Murs et murmures (2 et fin)

Ecrit par Anne Gosztola , le Lundi, 12 Septembre 2011. , dans Nouvelles, Ecriture, Chroniques Ecritures Dossiers, La Une CED

Yann regarda la main de Miroir qui amenait le briquet au bout de la gauloise. Il le regarda l’allumer, et ne dit rien. C’est alors qu’il le vit tel que les journaux l’avaient à l’époque décrit : dur et cynique, tendre pour l’apparence, rempli de gestes magnanimes, de ceux que magnifie l’histoire, claquant sa vie autant que son argent comme s’il n’avait eu besoin ni de l’un ni de l’autre et plantant ses crocs dans les femmes, pour mieux les dépecer. Un braqueur de banque au grand cœur, un torero de la finance, un bourreau de l’amour. En bref, le Miroir d’avant la déchéance.
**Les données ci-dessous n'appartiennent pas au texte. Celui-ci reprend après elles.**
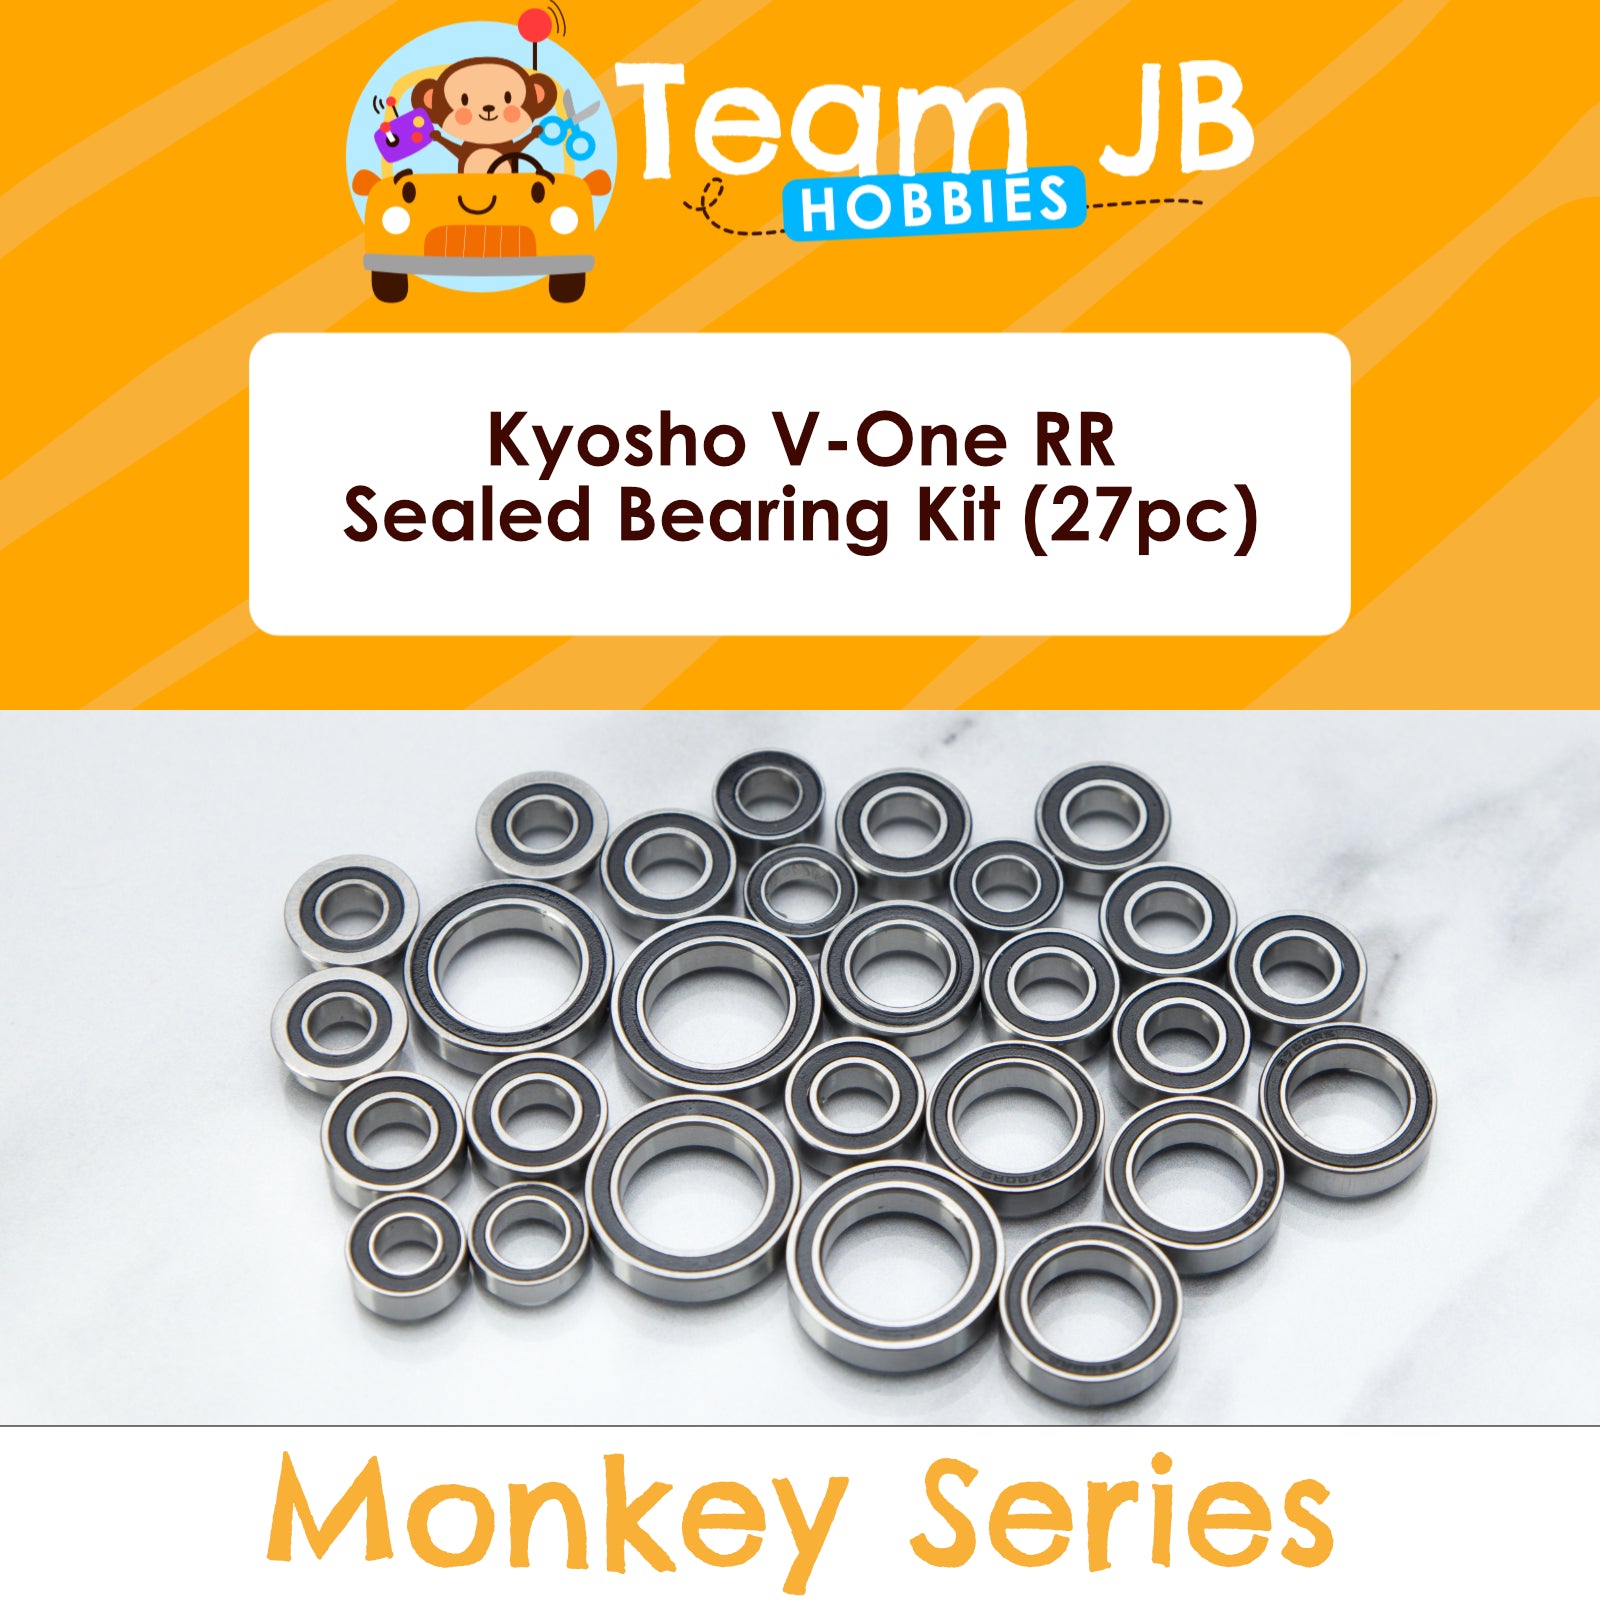 Kyosho V-One RR - Sealed Bearing Kit

Yann reçut le choc de pleine face. Ne s’y attendant pas il en fut profondément ébranlé. Ce qui l’amena à se poser la question, celle justement qu’il n’aurait jamais dû se poser. Etait-ce son père ? Ce père imaginaire dont, dans sa solitude, il avait si souvent caressé le nom, rêvé les traits, dessiné un caractère que ses actes cherchaient à embrasser. S’ensuivit le doute et l’espoir qui éclot dans les manques. Larve ténue couvée, nourrie par des possibles inventés.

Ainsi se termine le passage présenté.